How can I write self-application function in Haskell?

Question

I tried following code, but it generates type errors.

sa f = f f

• Occurs check: cannot construct the infinite type: t ~ t -> t1
• In the first argument of ‘f’, namely ‘f’
  In the expression: f f
  In an equation for ‘sa’: sa f = f f
• Relevant bindings include
    f :: t -> t1
      (bound at fp-through-lambda-calculus-michaelson.hs:9:4)
    sa :: (t -> t1) -> t1
      (bound at fp-through-lambda-calculus-michaelson.hs:9:1)

Answer 1

Use a newtype to construct the infinite type.

newtype Eventually a = NotYet (Eventually a -> a)

sa :: Eventually a -> a
sa eventually@(NotYet f) = f eventually

In GHC, eventually and f will be the same object in memory.

Answer 2

I don't think there is a single self-application function that will work for all terms in Haskell. Self-application is a peculiar thing in typed lambda calculus, which will often evade typing. This is related to the fact that with self-application we can express the fixed-point combinator, which introduces inconsistencies into the type system when viewed as a logical system (see Curry-Howard correspondence).

You asked about applying it to the id function. In the self application id id, the two ids have different types. More explicitly it's (id :: (A -> A) -> (A -> A)) (id :: A -> A) (for any type A). We could make a self-application specifically designed for the id function:

sa :: (forall a. a -> a) -> b -> b
sa f = f f

ghci> :t sa id
sa id :: b -> b

which works just fine, but is rather limited by its type.

Using RankNTypes you can make families of self-application functions like this, but you're not going to be able to make a general self-application function such that sa t will be well-typed iff t t is well-typed (at least not in System Fω ("F-omega"), which GHC's core calculus is based on).

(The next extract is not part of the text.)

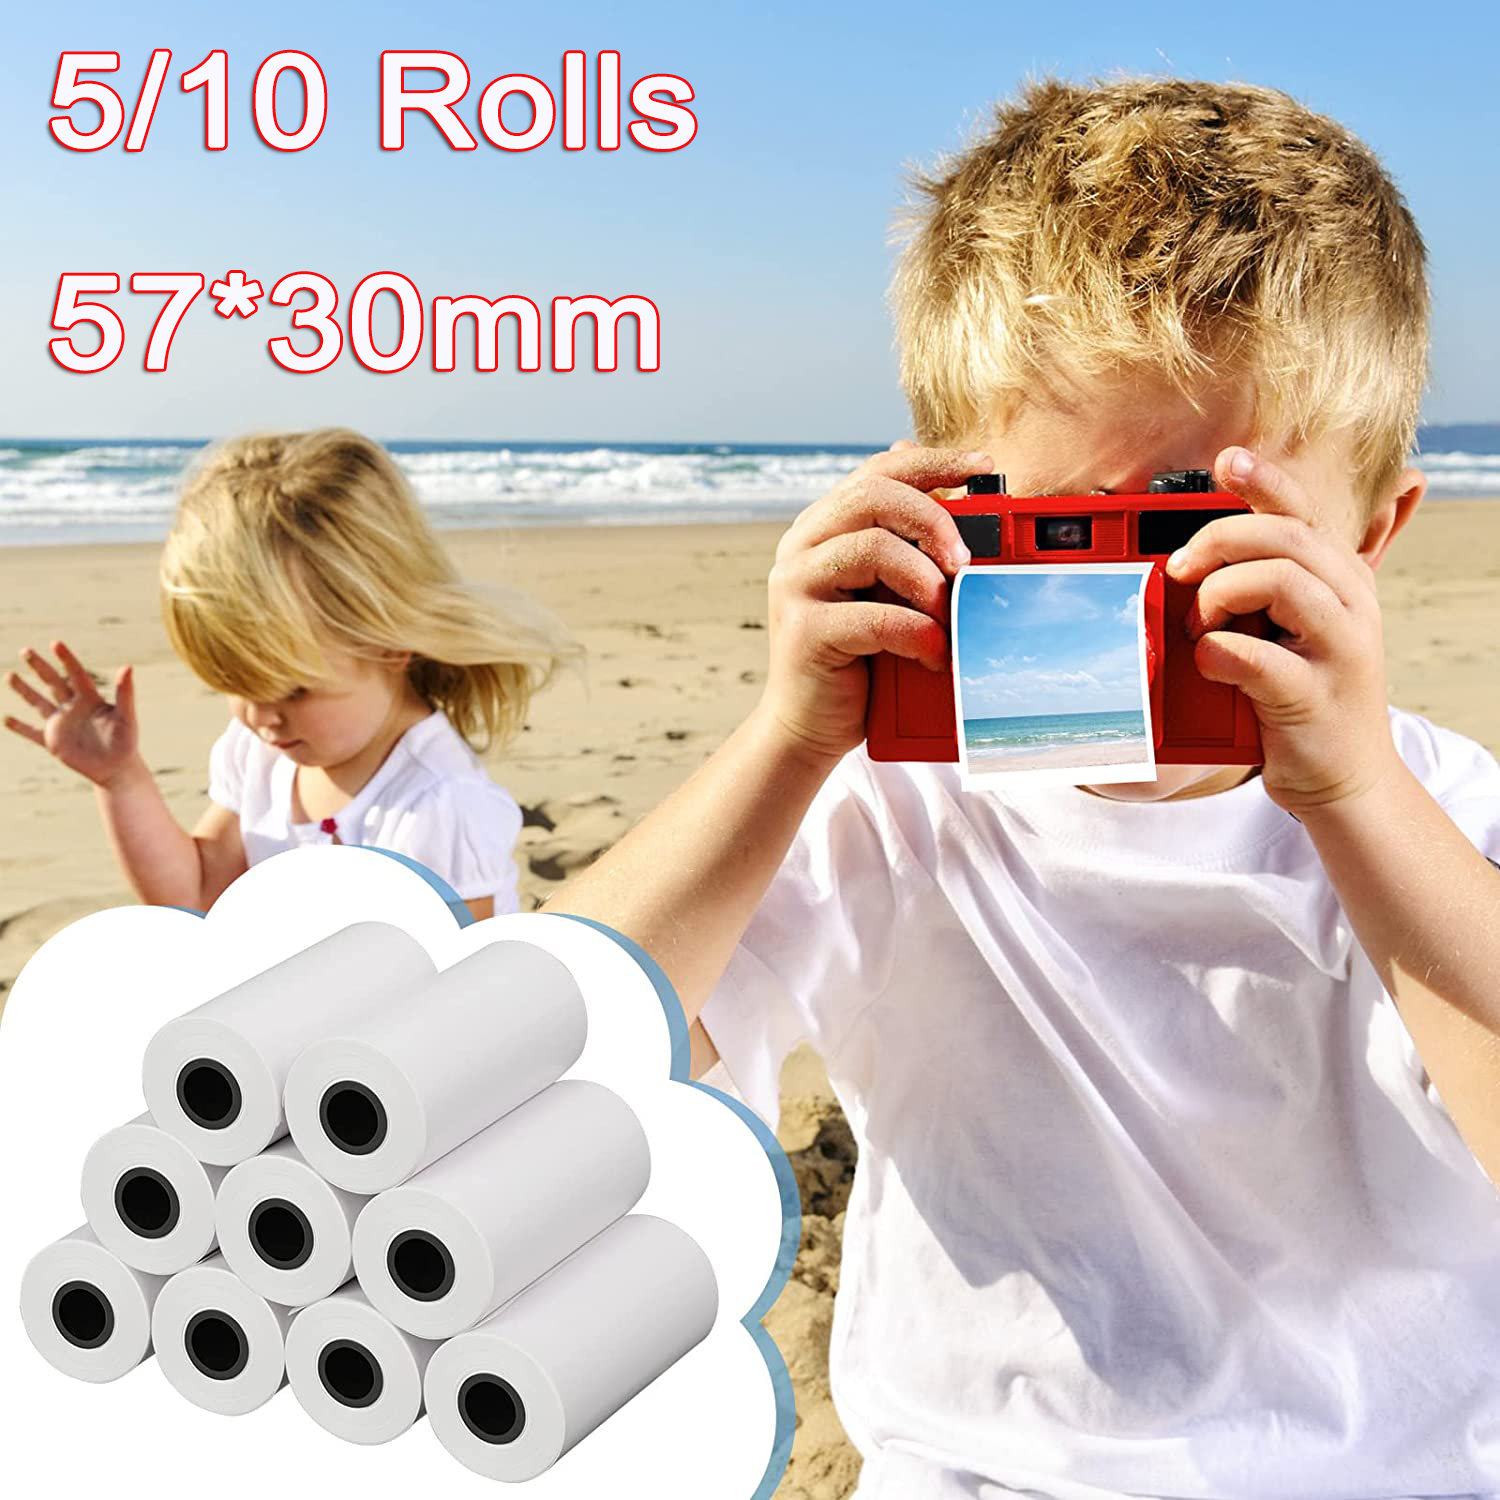 어린이 카메라 즉석 프린터 및 키즈 카메라 인쇄 용지 교체 액세서리 파용 57*30mm 감열지 컬러 화이트
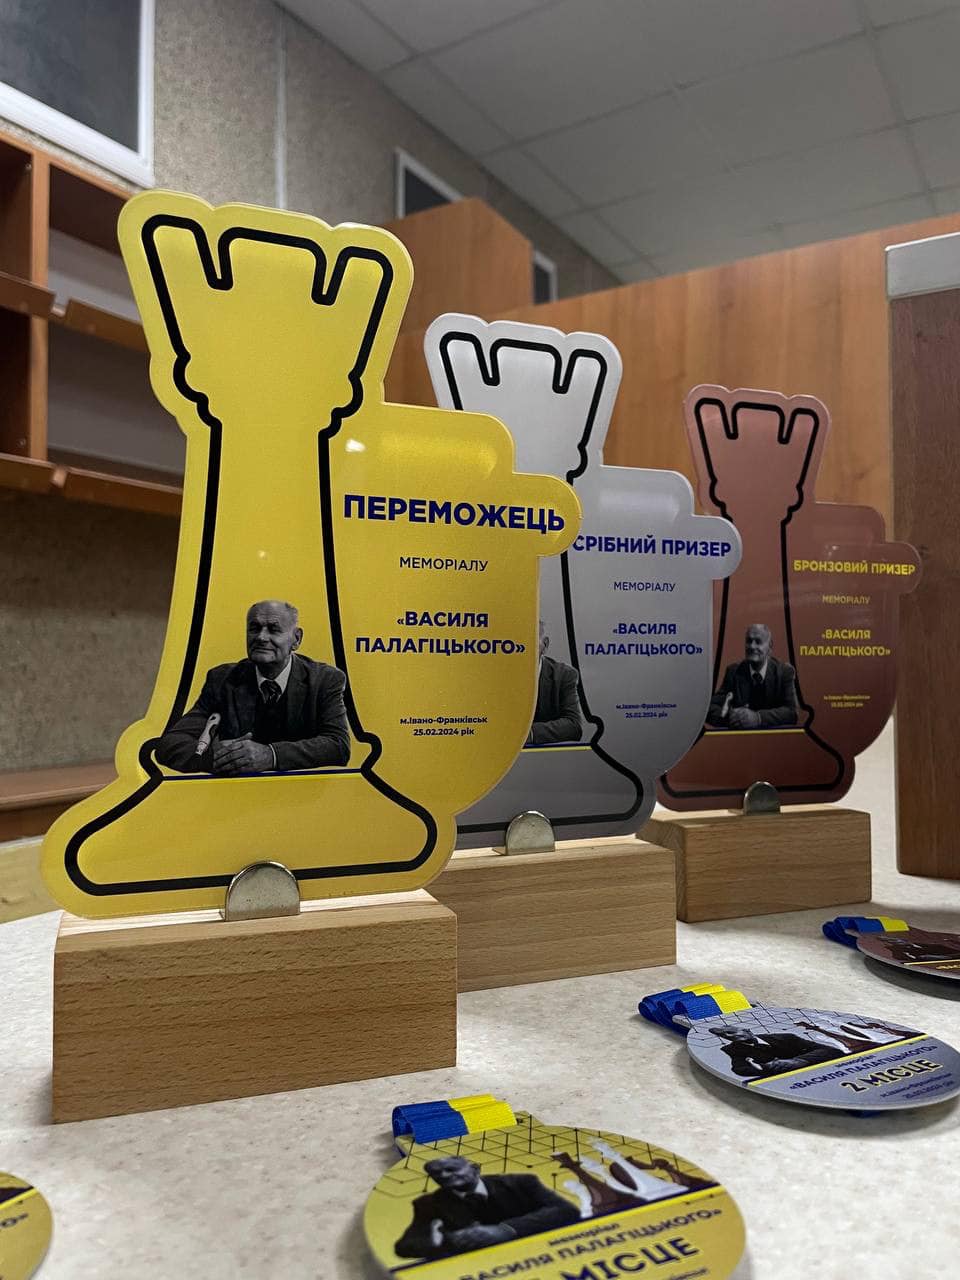 112 учасників зі всієї України зібралося у Франківську на шаховому турнірі пам’яті Василя Палагіцького (ФОТО)

The reason, if you work it out formally (probably), is that then we could get sa sa, which has no normal form, and Fω is known to be normalizing (until we add fix of course).

Answer 3

This is because the untyped lambda calculus is in some way more powerful than Haskell. Or, to put it differently, the untyped lambda calculus has no type system. Thus, it has no sound type system. Whereas Haskell does have one.

This shows up not only with self application, but in any cases where infinite types are involved. Try this, for example:

i x = x
s f g x = f x (g x)
s i i

It is astonishing how the type system finds out that the seemingly harmless expresion s i i should not be allowed with a sound type system. Because, if it were allowed, self application would be possible.